No verdor dos anos, costumava comemorar no prostíbulo (palavra bela!) de Nevinha Pobre (sim, havia uma Nevinha Rica), com um magote de irreverenciosos amigos, na minha Itabaiana querida. A tal Nevinha foi a viga mestra da prostituição na rua do Carretel. Não era apenas uma comerciante carnal que só pensava nos lucros do lenocínio, era uma espécie de mãe e conselheira, amiga de suas meninas, a quem chamava de afilhadas. Para nós, uma mestra dos prazeres, merecedora do respeito e deferência dos rapazes. O romancista português Carlos Oliveira define a prostituta como “um bem coletivo”.

Hoje, fazendo uma retrospectiva da vida, vejo que não posso mudar o que passou, mas posso deixar pra lá. Plantar uma árvore, ter um filho, escrever um livro. Essa, em tese, seria a realização de um homem na sua passagem pela vida. Estou, nesse caso, de curriculum mais do que preenchido, até com um certo exagero. Plantei quase uma floresta em Bananeiras, ao longo do curso de agronomia no Colégio Vidal de Negreiros. Só não replantei a Mata Atlântica inteira porque fui expulso devido a um entrevero com um capitão do Exército, mas isso é outra história. Tive seis filhotes, vingando cinco, e escrevi oito livretos, sendo que um deles, “História de Itabaiana em Versos”, foi adotado pelas escolas de Itabaiana, o que atesta sua qualidade.

De qualquer forma, conforme a cultura dos números, segundo a qual somente os terminados em zero devem ser comemorados, resolvi não festejar meus 69 anos de vida boa aperreada. No máximo, farei uma festinha simples no interior de mim mesmo.

Prefiro lembrar das coisas divertidas de minha existência, que vou desfiando aqui na Toca do Leão, para o deleitamento dos meus seis ou sete leitores fiéis. Faço minhas as palavras do General Newton Estillac Leal: “Andei em muitas guerras, delas nem sempre trouxe uma vitória, mas de todas trouxe uma anedota”.
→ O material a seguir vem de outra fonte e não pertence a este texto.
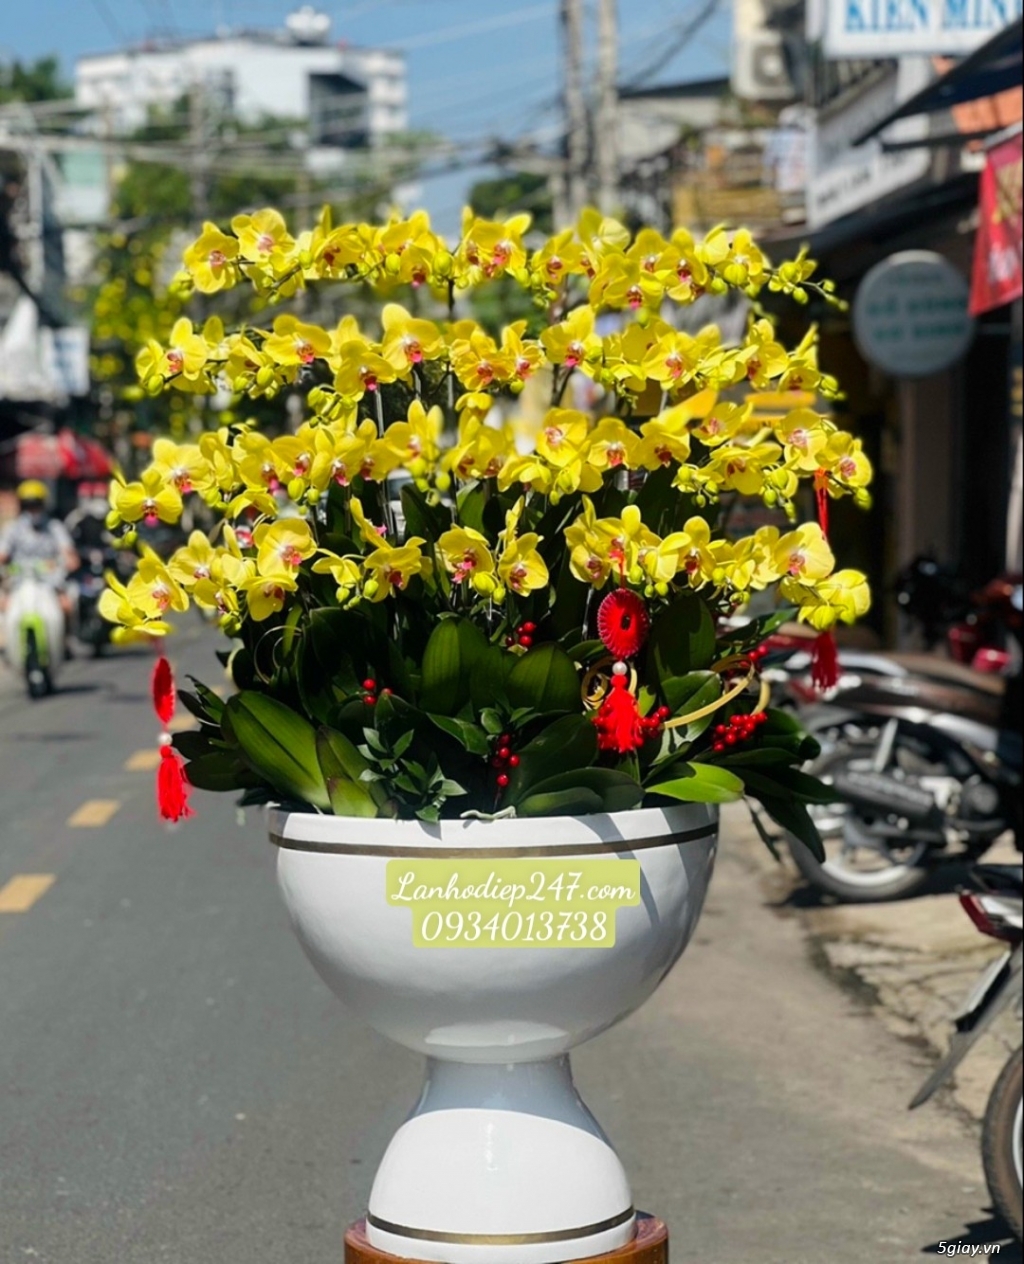 Shop hoa tuoi 24/7 tphcm phục vụ hoa lan hồ điệp uy tín toàn quốc - 16
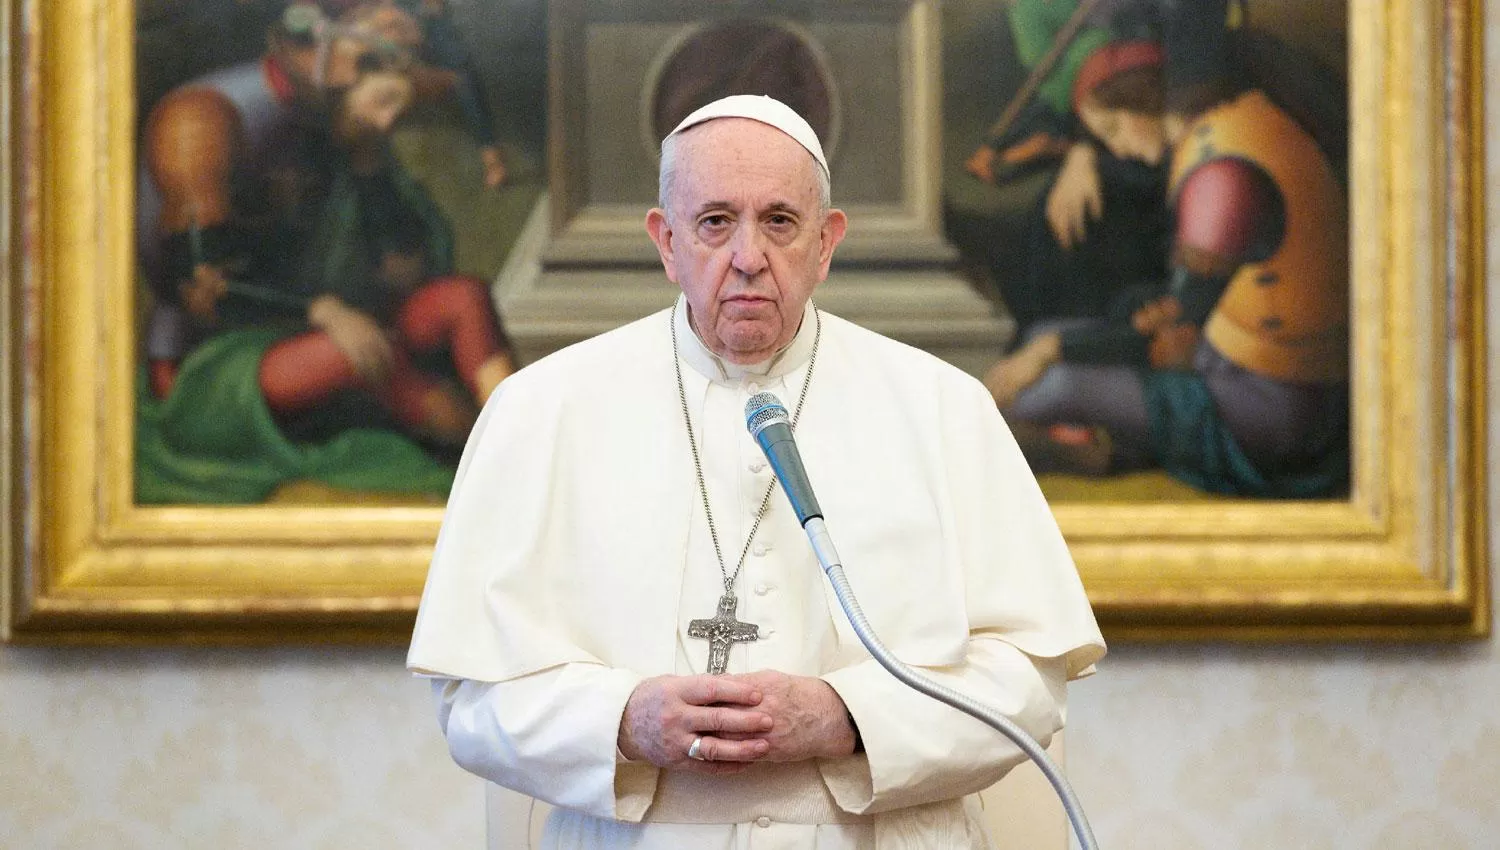 El Papa Francisco expresó su tristeza por la desaparición de 130 migrantes desde el jueves tras un naufragio en el Mediterráneo.

Citando ainda o grande Joaquim Nabuco, que em seu diário escreveu: “Sinto-me em ordem de marcha para o desconhecido. Quando se é jovem, os amigos, prolongamentos de nós mesmos, são jovens como nós e têm a vida diante de si. Na mocidade olha-se para diante e não para trás, e os camaradas pisam nos caídos sem o sentir. No declínio, está-se entre os feridos abandonados no campo de batalha, ouvindo os gemidos a que não se pode atender e esperando nossa vez de descansar…”

No ano que vem, pretendo fazer uma grande festa comemorativa dos setenta anos. Uma festinha dos provectos, sarau da máxima idade onde certamente me espera grande decepção. Afinal de contas, em folguedo de “pé na cova” poucos comparecem. Os velhos camaradas que sobraram, há muito desistiram de sair de casa, nem mesmo para abraçar um dos raros amigos vivos. Os colegas novatos preferem mandar mensagens nas redes sociais, onde se contém o melhor da dissimulação e insinceridade virtual. Conforme lamenta o companheiro Ulisses Barbosa, nos festivais doces das vacas gordas, a mocidade comparecia em massa para empanturrar-se do açúcar juvenil, olhando para o resto do mundo com um ar de hegemonia e triunfo. Quando chega o quilo de sal da derrocada, poucos comparecem e os que se preocupam em aparecer, não trazem colher para comer o sal da senilidade. Esse pensamento me veio pela frase de Carlos Drummond de Andrade: “Há duas épocas na vida, infância e velhice, em que a felicidade está numa caixa de bombons”.